In the second part of this experiment, we also incorporated a probabilistic model of the structure of proteins as a prior. This model, called TorusDBN, was previously developed in our group [21] and evaluates the probability of observing a certain sequence of ϕ and ψ angles for a given amino acid sequence. TorusDBN is a model of the local structure of proteins; non-local interactions such as hydrogen bonds or the formation of a hydrophobic core are not part of this model.

Including the TorusDBN prior in the definition of the posterior probabilities leads to a clear improvement in decoy recognition; the average Z-score was enhanced by 16%. As illustrated in Figure 8, there is no correlation between protein size and Z-scores; the performance stays constant over a wide range of protein sizes.

Figure 8.

Figure 8

Decoy recognition Z-scores for CRYSOL and the two-body model versus protein length. For each of the proteins in the set, the Z-scores (Y-axis) are plotted against the length of the protein (X-axis). Red spheres: using CRYSOL. Blue squares: using the likelihood according to the two-body model. Green triangles: using the likelihood according to the two-body model and the TorusDBN prior. More detailed information is presented in Table 2.

Conclusions

We have demonstrated that it is possible to obtain accurate SAXS curves from coarse-grained protein structures and matching estimated form factors without the use of ad hoc correction factors. We obtained point estimates of the form factors and assessed their performance for a diverse set of proteins; the resulting SAXS curves are on par with the current state-of-the-art program CRYSOL, at least up to scattering vector lengths of 0.75 Å-1 (see Methods). As a further validation of this model, we used a comparison of the Z-scores for a set of protein decoys based on the SAXS curves generated by CRYSOL and by our coarse-grained Debye method, respectively. Again, the performance was excellent. Including prior information from a probabilistic model of local protein structure [21] further improved the decoy recognition.
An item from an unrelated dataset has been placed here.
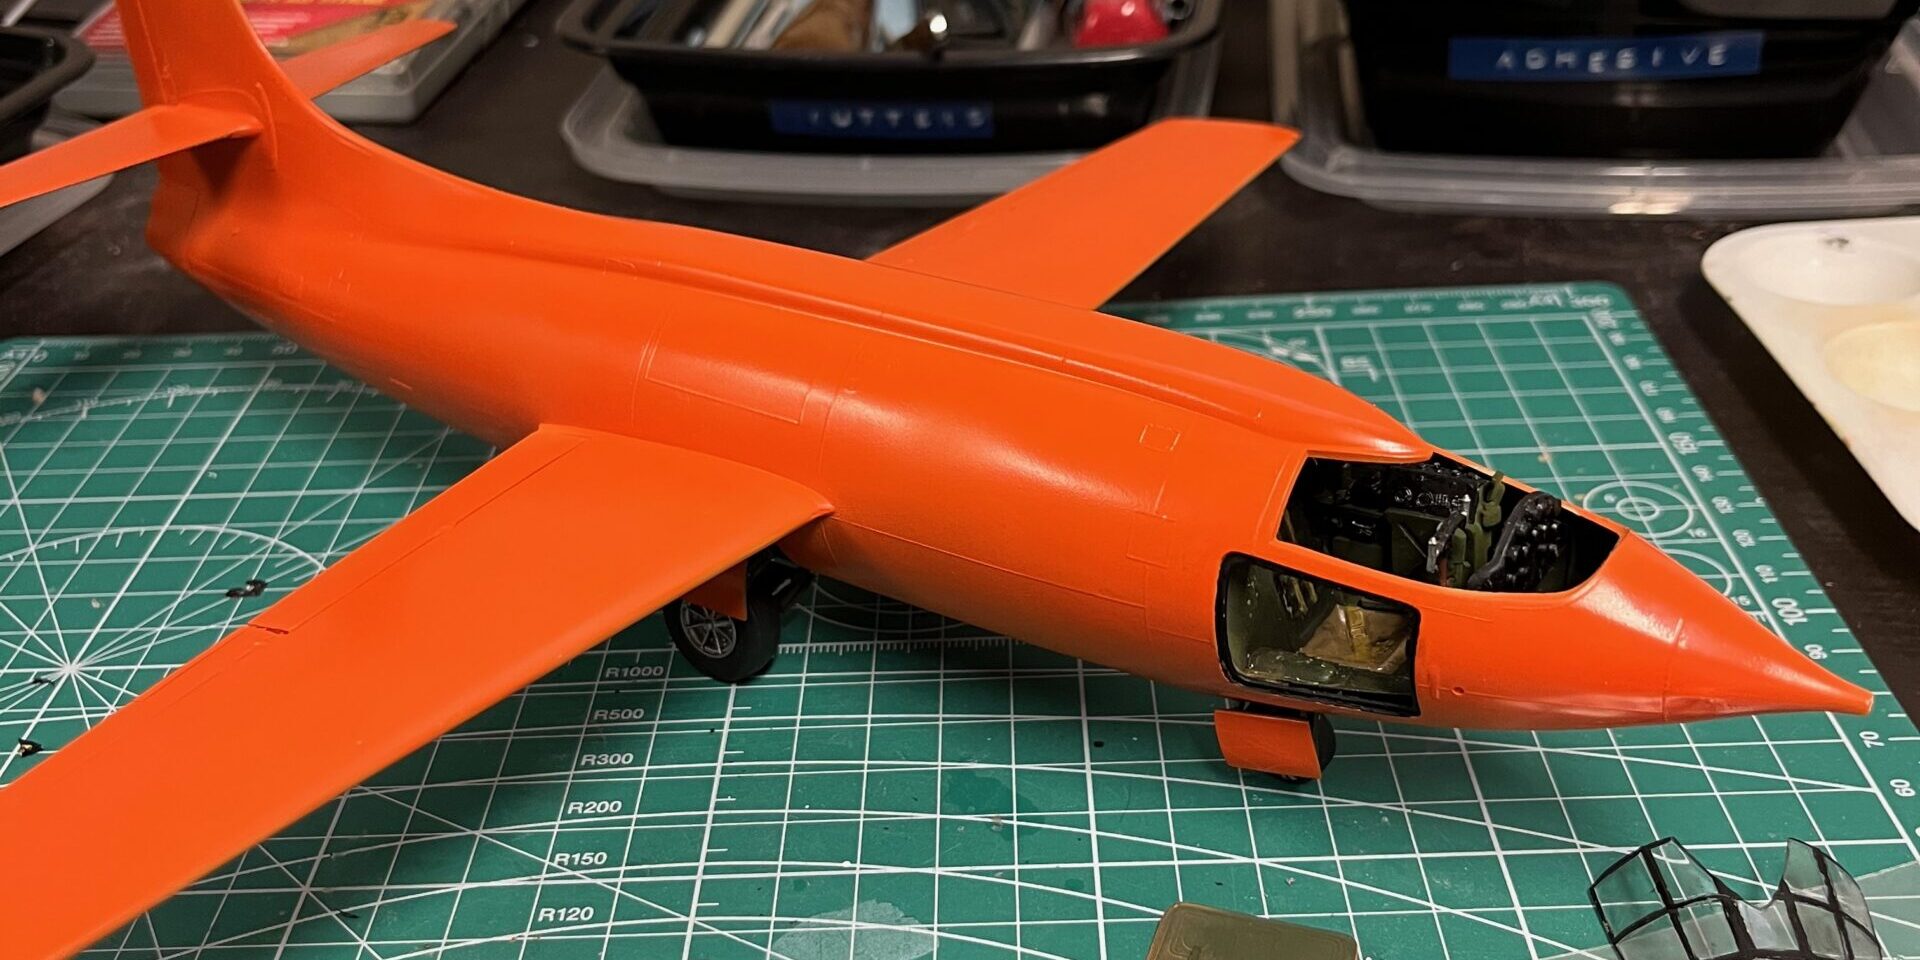 Build Log: Painting the X-1
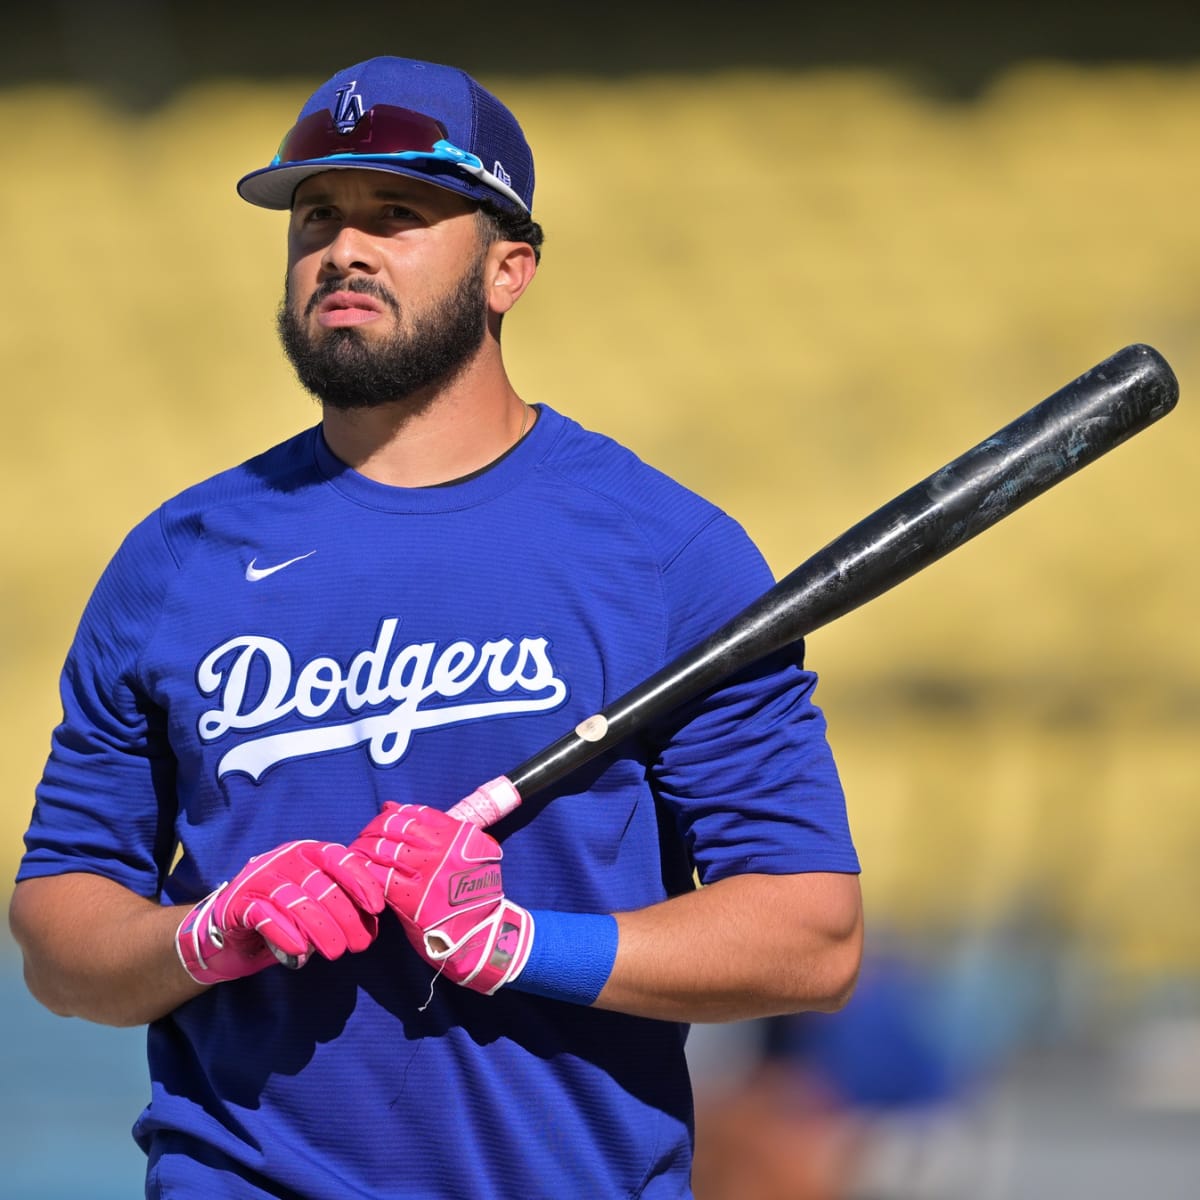 Dodger Blue - Page 620 of 2014 - Los Angeles Dodgers News, Rumors and More

Before a rigorous incorporation of SAXS information in a fully probabilistic model for data driven structure prediction is possible, two additional developments are needed: a proper description of the hydration layer that surrounds the protein [29] and a probabilistic description of the experimental errors associated with a SAXS data acquisition experiment [15,16]. We are currently implementing such an approach in the PHAISTOS software package [32,33].

Methods

Protein data sets

Three protein data sets were used throughout this work: one for training of the form factors, another for validating the model, and finally a set of native structures and corresponding artificial decoys for the Z-score calculations. The training data set consists of 297 structures with lengths between 50 and 400 from the Top500 data set of high quality protein structures [34]. To ensure that CRYSOL and our program processed these structures in the same manner, structures with conflicting atoms or non-standard amino acids were excluded (selected structures can be found in additional file 1).

The estimated form factors were validated by calculating scattering curves for 50 proteins (see Table 1) extracted using the PISCES server [35]. These were randomly selected among an initial group of 81 proteins with low sequence similarity (below 25%) with those in the training set, a resolution better than 3 Å and an R-factor below 30%.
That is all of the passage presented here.